Dopo le privazioni della Quaresima, la tavola pasquale della tradizione italiana si riempie i tanti alimenti simbolici variamente elaborati. E due sono quelli che non mancano mai, da nord a sud: l’agnello, simbolo di purezza, e l’uovo, emblema della fertilità e del ritorno alla vita. Le uova accompagnano le pietanze o decorano la tavola, sode e colorate assieme a quelle di cioccolato; e, anche, colorano di giallo gli impasti di golose interpretazioni moderne dell’alimento simbolico per eccellenza: il pane.

Alti e soffici

Un buon numero di uova, farina e lunghe lievitazioni sono gli ingredienti principali dei dolci pasquali tipici del Triveneto: alti e soffici, ideali per sfarzose colazioni e per coronare un pranzo luculliano, ma anche comodi da mangiare “al sacco” nell’immancabile gita fuori porta di Pasquetta.

Pinze o corone

Per le pinze della tradizione giuliana o per la corona pasquale trentina, si tratta – con le dovute variazioni locali e personali – di pasta brioches ricca di uova, burro e aromi, non troppo dolce così da poter essere anche accompagnata a cibi salati.

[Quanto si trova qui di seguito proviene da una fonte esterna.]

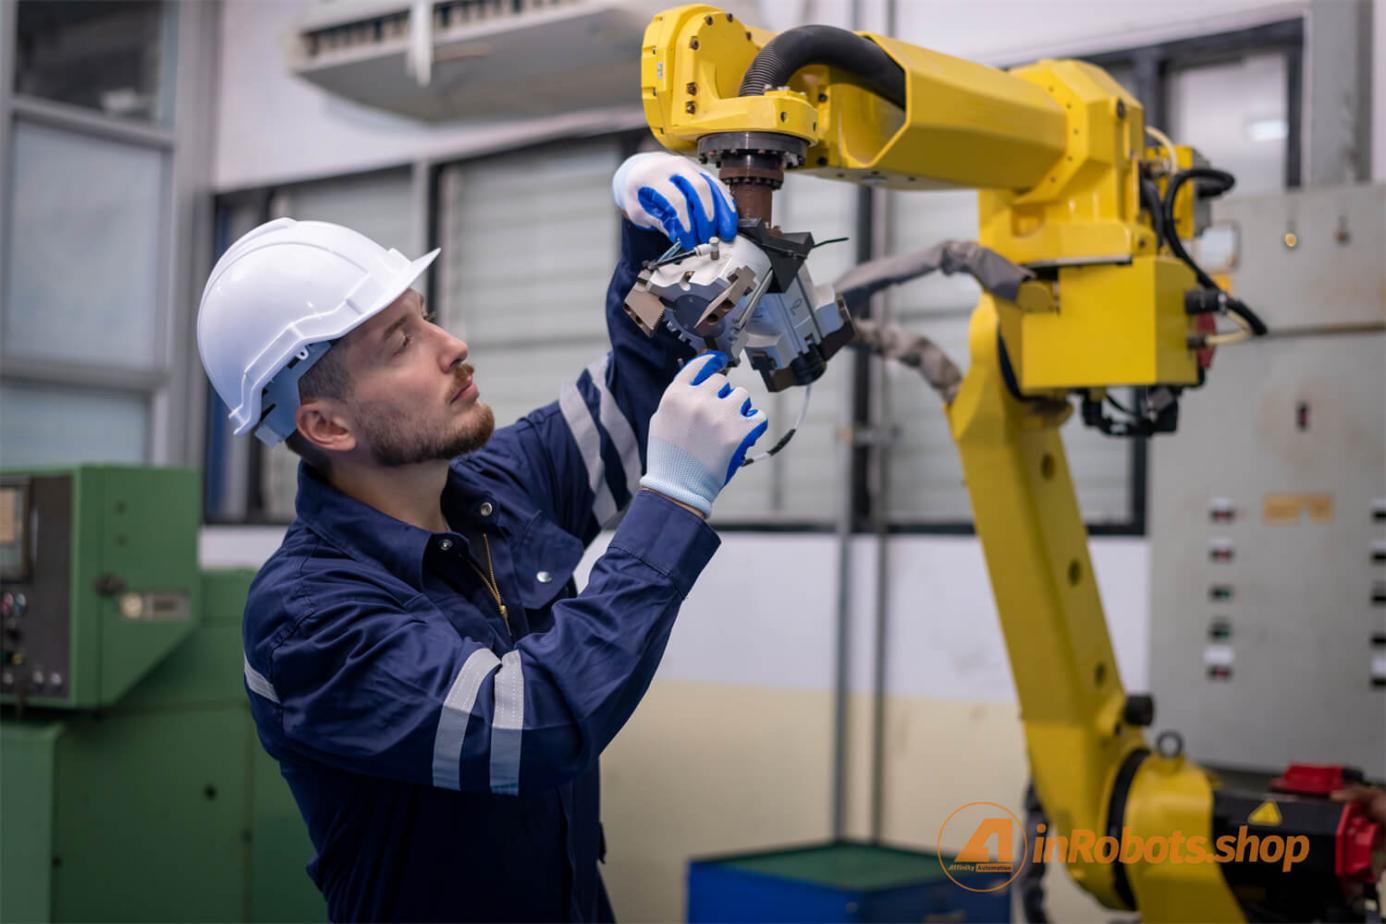 Industrial_Robot_Maintenance_Keeping_Your_Robots_at_Their Best_inRobotsshop2

L’impasto del dolce delle Feste della Valli del Natisone, la gubana, non è molto diverso da questi, anche se viene poi riccamente farcito.

Un po’ più a sud, in Friuli e in Veneto, la pinza pasquale (da non confondersi con quella epifanica del Veneto orientale), diventa fujazza, fujazziz, fugassa. Focacce, insomma.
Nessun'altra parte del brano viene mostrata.